Who’s copied the Apple Watch?

And Yet

And yet, it’s obvious to anyone that 1. Apple’s dividends this year have been its highest ever [2] if we ignore the effects of inflation and treat modern post-June 2014 shares as 1/7ths of pre-June 2014 shares ($3.99 April 2016 vs $3.29 May 15 2014) and 2., as CEO Tim Cook points out Apple’s earnings are equally massive [3].

It’s comical then that the CEO of a tech company is shocked to find that investors are making the stock sink like a brick after such announcements. It’s almost like that scene in Gladiator where the protagonist shouts: “Are you not entertained?” and the answer is No, no we’re not. Because the point is not the dividends or the massive gains, the point is how they’re brought on.

Apple’s share price in April, note the trend

Looking across the pond to Microsoft, it’s almost as if the two CEOs are having a conversation without realizing it [4], though I doubt anyone seriously thinks Apple is going anywhere.

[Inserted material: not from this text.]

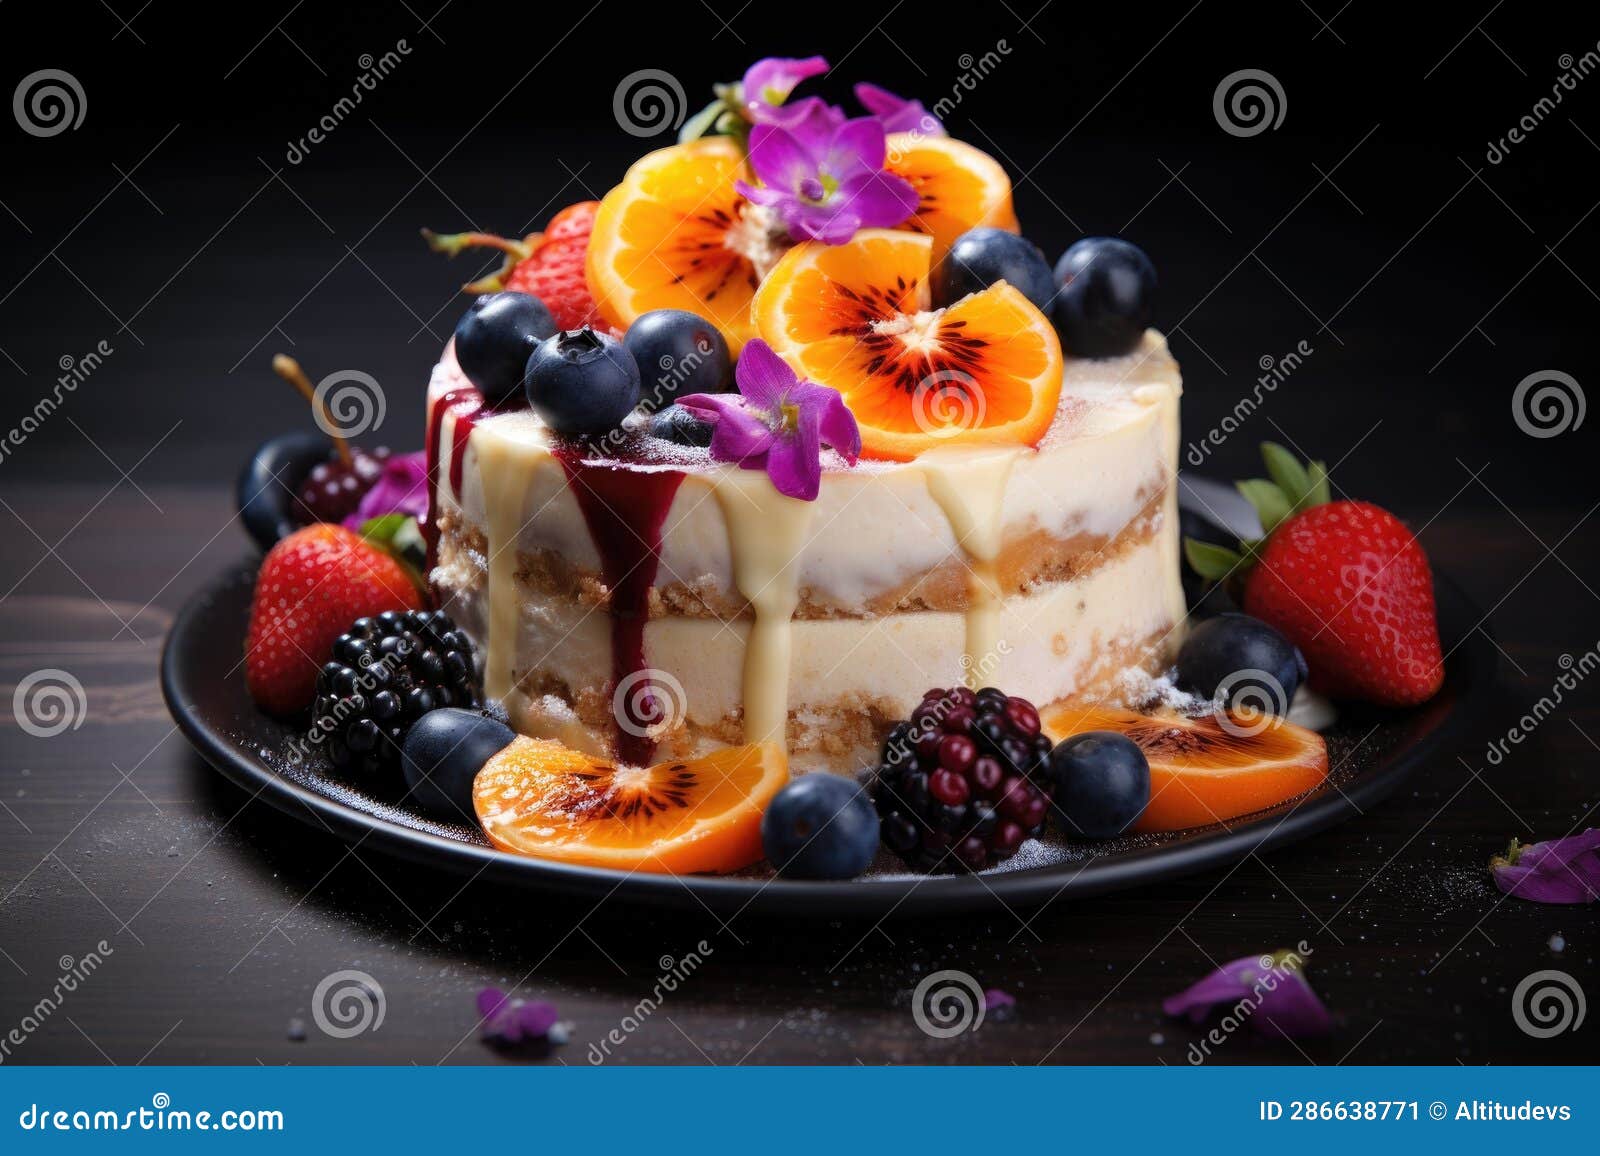 Homemade Cheesecake with Fruit Topping Arrangement Stock Image - Image ...

We’ll see if the choice of the executives in Apple is the “right” one between the two, by now industrial standard alternatives: Either you diversify and spend on R&D to find something really new (or buy a company that allows you to do the same at a smaller timeframe) or, almost ubiquitously you slash R&D and dish out the dividends because that’s what the investors want.. Right?

While Apple’s phone sales are to hit 1 billion Soon™[5] we’re left wondering just what’s going on inside Apple. Microsoft for all its talk of being focused on industrial and professional aspects of the IT industry has yet to do anything remotely serious when it comes to verticals. Where is the professional’s device?

This would seem like a natural opening for Apple to capitalize upon as long as the vision of the “brand” doesn’t blind them from pragmatic solutions. Professional industries are in dire need of working solutions, and where Linux has historically been the DIY solution to the average techy the frankly nonexistent business models for developing devices for use by non-techies makes this impossible.

Android is the best overall due to its wide adoption[6] (in theory), but specialist devices are hard to come by and even harder to build a business plan around. iOS is a T-Rex that angrily brutalizes anything not specifically built to work with it, and Linux is Linux. There’s the Windows OS of course, but there’s just something to be said for dedicated tablet/pad/smartphone applications. And once again Microsoft has been mostly talking the talk when it comes to verticals and professional devices, but has shown its preference for the consumer market instead time and again.

Just because a device “can” be used by a doctor or engineer does not mean it “will be”. I recently asked a teacher at a law school “If you could have any app or software to help in teaching, what would it be/what would it do?” he blinked a bit, then laughed while saying something about how he’s doing perfectly fine, thank you.

We see this same resistance in virtually all of the professional fields. Software, devices and digital services have promised so much in the past few decades and delivered nothing but headache — why? Could it be simple incompetence, failures in executive leadership or product design? Or could it be something more minute but equally challenging, that is, a disconnect between the IT and non-IT fields of industry?[7]

When we move from paper and hard copy to digital healthcare information and end up worse than we started out with, this is a problem with implementation and design, not with IT or digitalization itself.


OPINION:

This is why I think Apple has an amazing opportunity in the healthcare sector, specifically in doctors’ pockets. But it’s an opportunity that is shared by Microsoft, Google and yes, even by Linux-based businesses. Back in the old mainframe computer system days of IBM, it was Microsoft and Apple that shocked the world by putting a PC in every home, proving the dinosaur days over.

What is an overly-complicated, hard to integrate, difficult to share information — from system if not the mainframe computer of today?

Not saying it’s easy, just saying it needs to be done.